Blu Tuesday: Reese’s Pieces, Serial Killers and Hitchcock

After taking last week off due to a disappointing lack of quality releases (don’t waste your time with “Dark Shadows”), my column is back this week with a number of films from the back catalog. Though it’s always nice to see any Alfred Hitchcock film get the Blu-ray treatment, this has truly been the season of Spielberg, following up the release of “Jaws” and the Indiana Jones movies with the debut of “E.T. The Extra-Terrestrial.”

“E.T. The Extra-Terrestrial”

I’ve never understood why so many people place “E.T. the Extra-Terrestrial” on such a high pedestal, because it’s easily one of Steven Spielberg’s most overrated movies. Though the nostalgia factor has certainly played a role in its sustained popularity over the years, when viewed without those rose-colored glasses, the film’s flaws are pretty evident. Not only is the acting terrible for the most part, but a lot of the special effects don’t hold up that well, particularly the flying bikes. It’s also way too long – a fact that’s even more incredible considering the director cut 40 minutes from the original version – and it has some strange tonal issues, including the arrival of those creepy men in the astronaut suits in the final act. Still, while “E.T.” is hardly worthy of joining “Jaws” and “Raiders of the Lost Ark” on the list of cinema classics, it’s a sweet and often funny film that every parent should show their children at least once.

Blu-ray Highlight: There are two new extras included on the 30th Anniversary release, and they’re both excellent. “The E.T. Journals” offers nearly an hour of behind-the-scenes footage from production, while “Steven Spielberg and E.T.” features the director reflecting on the making of the film, including where the idea originated from, showing the movie at Cannes and the White House, the aborted sequel talk and much more.

“The Raven”

The latest in a growing line of projects driven by Hollywood’s fascination with revisionist history, James McTeigue’s “The Raven” proposes that in the weeks leading up to his death, American poet Edgar Allen Poe helped solve a series of copycat murders based on his grisly tales. It’s difficult to view the film as anything other than a half-hearted attempt at cashing in on the success of Warner Brothers’ “Sherlock Holmes” reboot, because it’s every bit the dull, cookie cutter thriller that the trailers suggested. Not only is the premise ridiculous, but it’s executed so tediously that McTeigue could have lopped off 20 minutes from just about any part of the movie and no one would have noticed. The legacy of Poe deserves so much better than this generic murder mystery, and although John Cusack has some good moments as the eccentric writer, it would have been a lot more interesting to see the actor play him in a traditional biopic as opposed to this preposterous and lifeless piece of schlock. The next time Hollywood thinks about defiling a respected literary figure, they would be wise to heed Poe’s famous words and simply say “nevermore.”

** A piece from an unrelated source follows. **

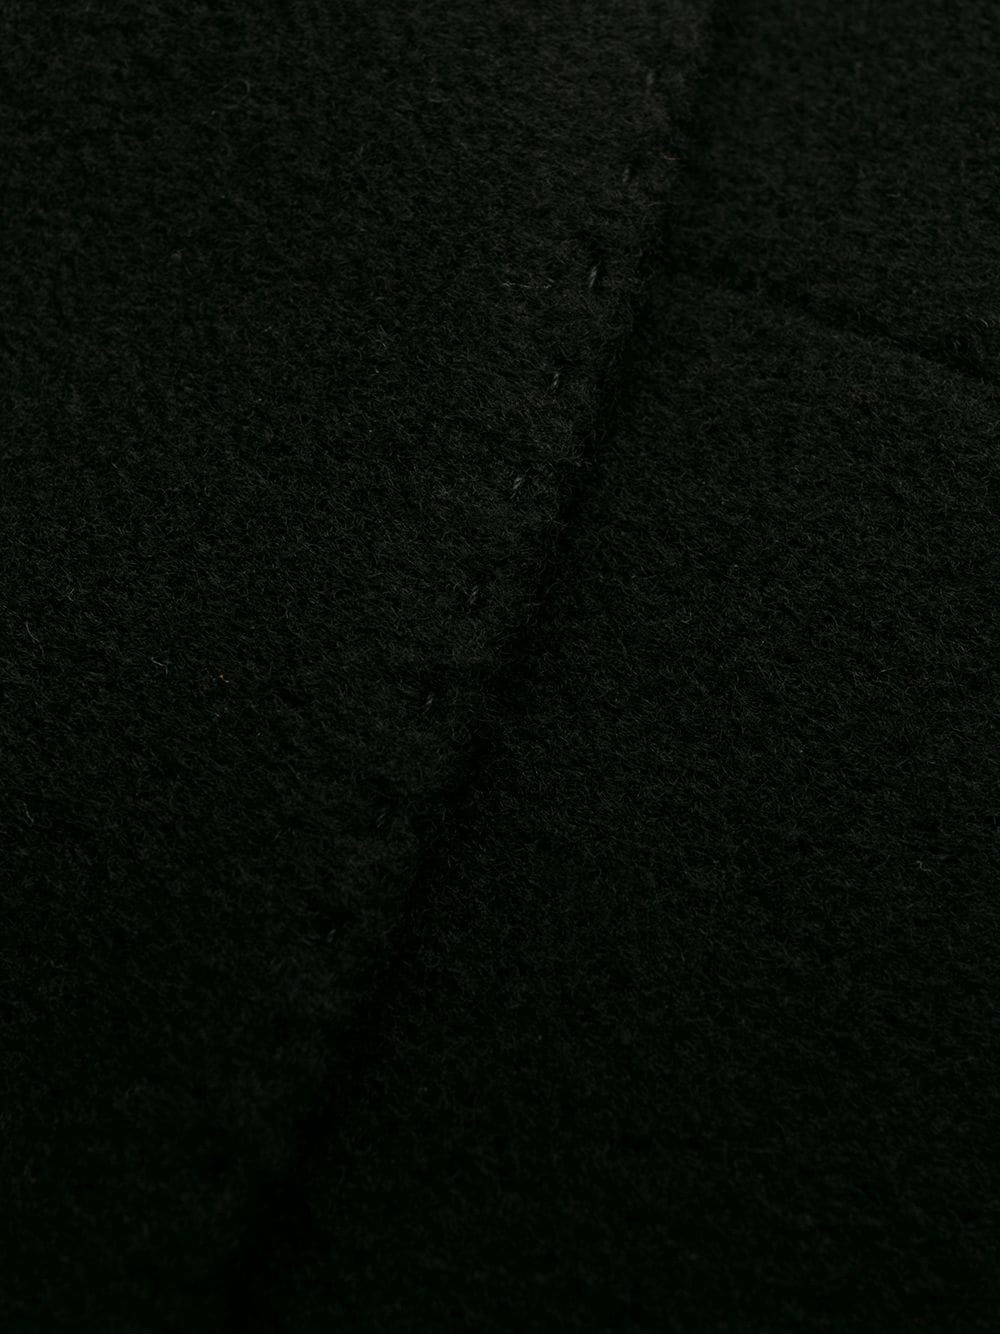 cappotto sartoriale monopetto nero in misto lana e cashmere

Blu-ray Highlight: There aren’t any extras on the disc that stand out, but the making-of featurette “The Raven Guts: Bringing Death to Life” provides the usual behind the scenes fluff on things like casting and production design for those who are interested.

“Strangers on a Train” / “Dial M for Murder”

With the upcoming release of Universal’s “Alfred Hitchcock: The Masterpiece Collection,” it only seems fitting that Warner Bros. should take the opportunity to debut some of their Hitchcock films on Blu-ray as well. Though “Strangers on a Train” and “Dial M for Murder” predate many of the director’s most popular movies, they still showcase the Master of Suspense at the top of his game. “Strangers on a Train” is probably the better known of the pair, but despite a solid turn by Robert Walker as the eccentric villain, the film’s sluggish pacing and ridiculous finale prevent it from being as great as its reputation might suggest. In fact, although it doesn’t get as much credit, “Dial M for Murder” is the stronger movie – an adaptation of the Frederick Knotts stage play that’s as tautly thrilling as it is smart. It also helps that everyone in the cast is so good, from Grace Kelly’s adulterous victim to John Williams’ police inspector, but it’s Ray Milland who absolutely steals the show as a “villain” so likable that you’re practically rooting for him to get away with murder. Though it’s a bit strange that Hitchcock would chose one of his less visually interesting movies to shoot in 3D, “Dial M for Murder” is every bit as captivating without the silly gimmick.

Blu-ray Highlight: Though most of the bonus material is from previous DVD releases, there’s a retrospective on each film – “Strangers on a Train: A Hitchcock Classic” and “Hitchcock and Dial M” – that provides some excellent insight from various friends and historians about the movies’ productions and the key Hitchcockian elements in both.